Angela Mackintosh said...

Jodi & Tacy, I can totally relate. I recently had a reunion with girlfriends I hadn't seen in 15-20 years and "Did you ever finish that novel you were working on?" was one of the questions they all asked. I hadn't touched it in years and pretty much gave up on the idea of writing a novel. Then one of my girlfriends brought out a HUGE cardboard box filled with my writing--letters, notes, stories, drawings that I'd given her since 4th grade--and I realized, I've always been a writer. In that box were stories I wrote for my friends who had crushes on boys and I'd write a 20-page story of their imaginary romance. There were comics I'd drawn and collages I created to illustrate my writing. It brought me to tears. I couldn't believe she saved all that stuff. It also did one thing: motivated me to start writing and drawing again. The next time I see them--and I imagine it will be sooner rather than later since we are now group texting all the time--I will have something I'm proud of to show them.
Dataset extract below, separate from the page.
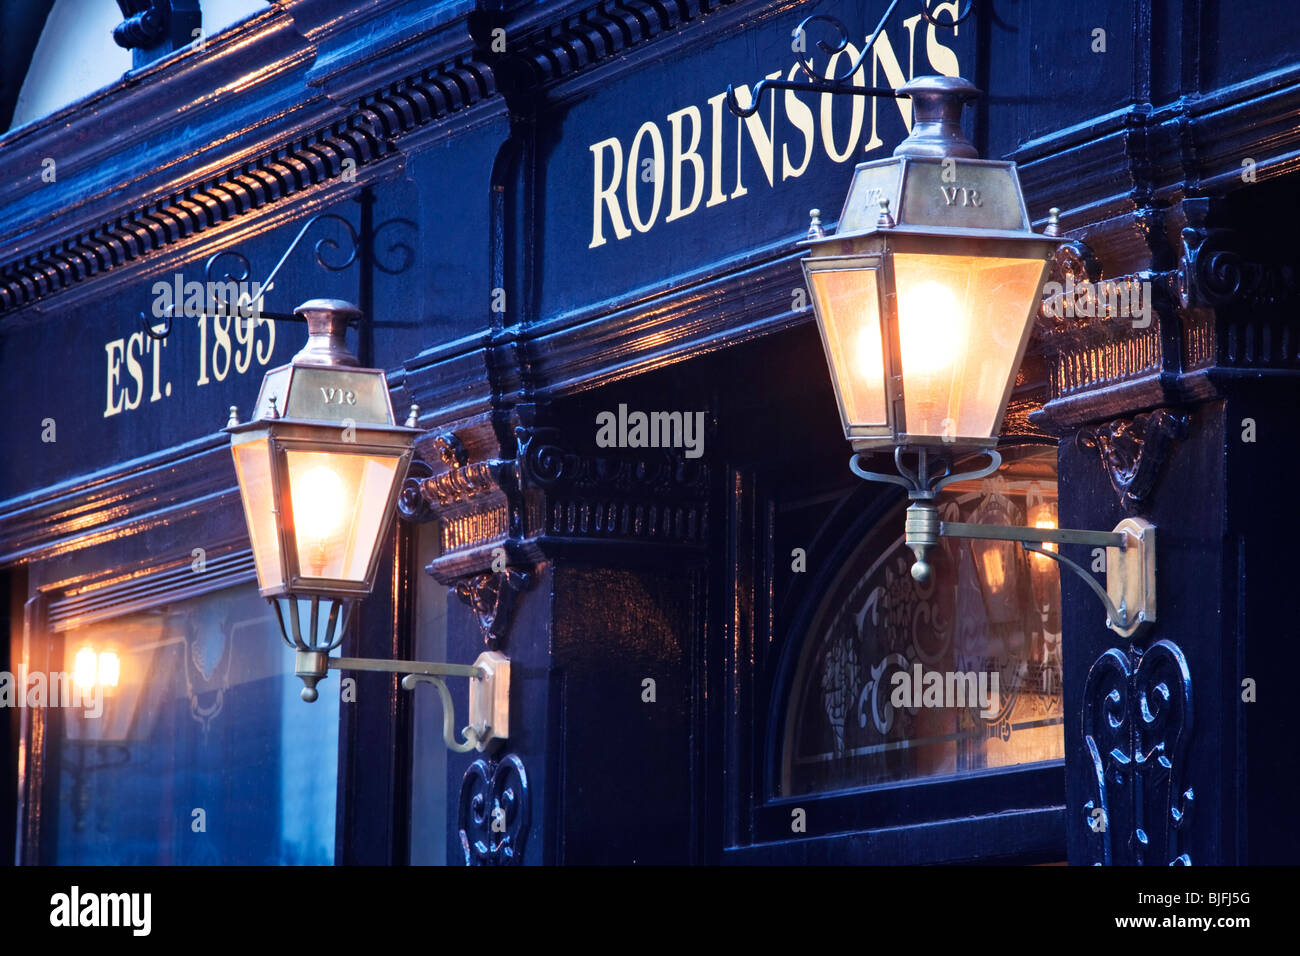 Carriage lights outside Robinsons public house on Great Victoria Street, Belfast, Northern Ireland Stock Photo

It's weird when you haven't seen friends in a while...they look at you differently than other people, they believe in you probably more than you believe in yourself, and they remind you of who you really are.

Margo Dill said...

I am trying desperately to get back in the saddle. I am so thankful for WOW! keeping me current--able to teach and to blog--while I saddle up my horse. :)

Unknown said...

I could so relate to this post. I have loved writing all my life and tried to get more serious in the early 2000s taking loads of courses, going to retreats. I even got a few short stories published and a children's Christmas play.

Lately I have been letting other things get in the way of that writing dream. I've grown cynical and complacent. Writing is hard work and often I let fear and the inner critic interfere.

My mother died last November at 83. I'm 56. I do find myself still buying books and reading loads of articles on writing. But actually doing the writing is what I need to be doing more. I go at it with spurts of enthusiasm followed by periods of drought where I don't write much of anything. It's not like I have endless time left. One day it will run out as it did for my mom who probably still wanted to do more creative projects since she was a painter and loved art.

The time is now! Thanks for the reminder to get my butt in gear and write.